10月27日(土)は、ウィーン国立歌劇場のR.シュトラウス<エレクトラ>を観てきました。たった1幕1時間45分の作品で、演出もハーリー・クップファーによるお馴染みの物で(これなら演奏会形式でもいいのでは?という程度の舞台装置ですし)、53回目の上演にもかかわらず立見席までAUS(完売)。Dsc00902_5 やはり主役は、ウィーン国立歌劇場でクリテムネストラとして初登場のアグネス・バルツァでした!

エレクトラといえば、エディップス・コンプレックスの女の子版、エレクトラ・コンプレッスクの語源になったギリシャ悲劇のお姫様。愛する父親を殺した母親のクリテムネストラとその愛人エギストを、弟のオレストの成人を待って、一緒に仇打ちするという、おどろおどろしいストーリー。

タイトル・ロールを歌ったデボラ・ポラスキーのソプラノは、クライマックスまで声量をキープするためか、ややナイーヴ。しかし、さすがに人気歌手。奴隷のコステュームをまとっていても、その美しい容姿と演技力には見惚れるばかり。

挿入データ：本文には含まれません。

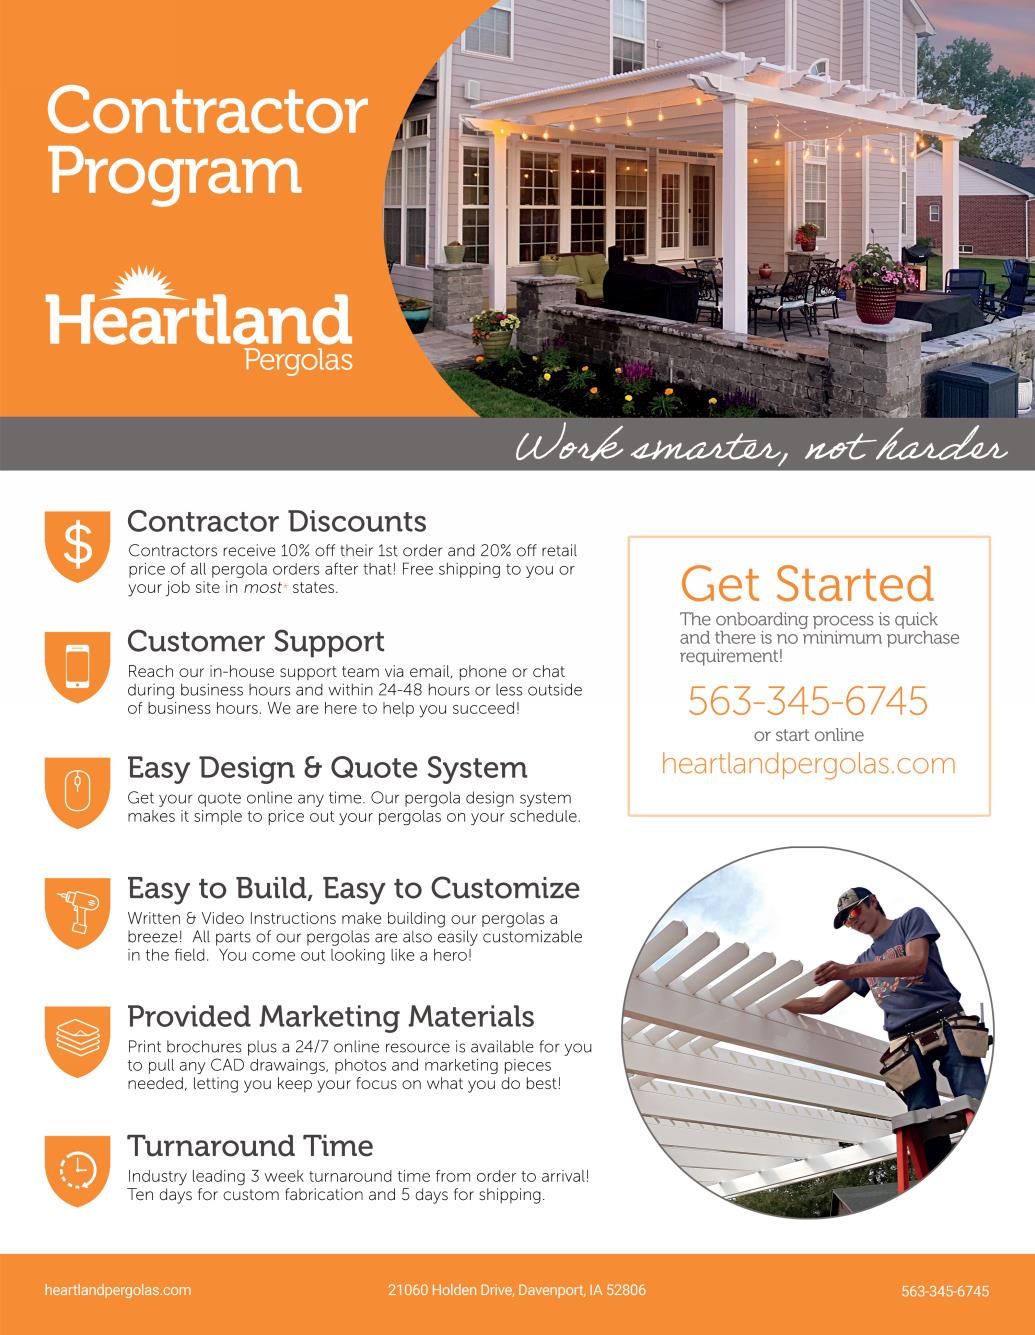 Heartland Pergola Contractor Program front cover

クリテムネストラが歌うシーンはエレクトラよりもずっと少なくて、しかも、私の席GALERIE-LINKSの侍従席からはほとんど見えない舞台下手で歌っていたので、姿形は見えずとも・・・やはりバルツァの声の貫禄は違う! あの声が聴けたから満足です。年齢的にはピークを過ぎたバルツァですが、アルト歌手には円熟味が必要なわけですね。

今回の座席は、舞台下手が見えない侍従席ではありましたが、トロンボーン・パートがばっちり見られる場所だったので、9ユーロ投じました。曲もR.シュトラウスで、金管大活躍です。トロンボーンはテナー2本、バス1本、さらにバストランペット。テューバの隣にあるのはチンバッソなのでしょうか。金管低音セクションは、オレスト登場のテーマを受け持ちます。バスのハンス・ストレッカー以外は、顔と名前が一致しない奏者でしたが、テナー2本のところも綺麗に響いていました。

今回、ピットの出入り口の奥がバンダのスペースになっていることを発見しました!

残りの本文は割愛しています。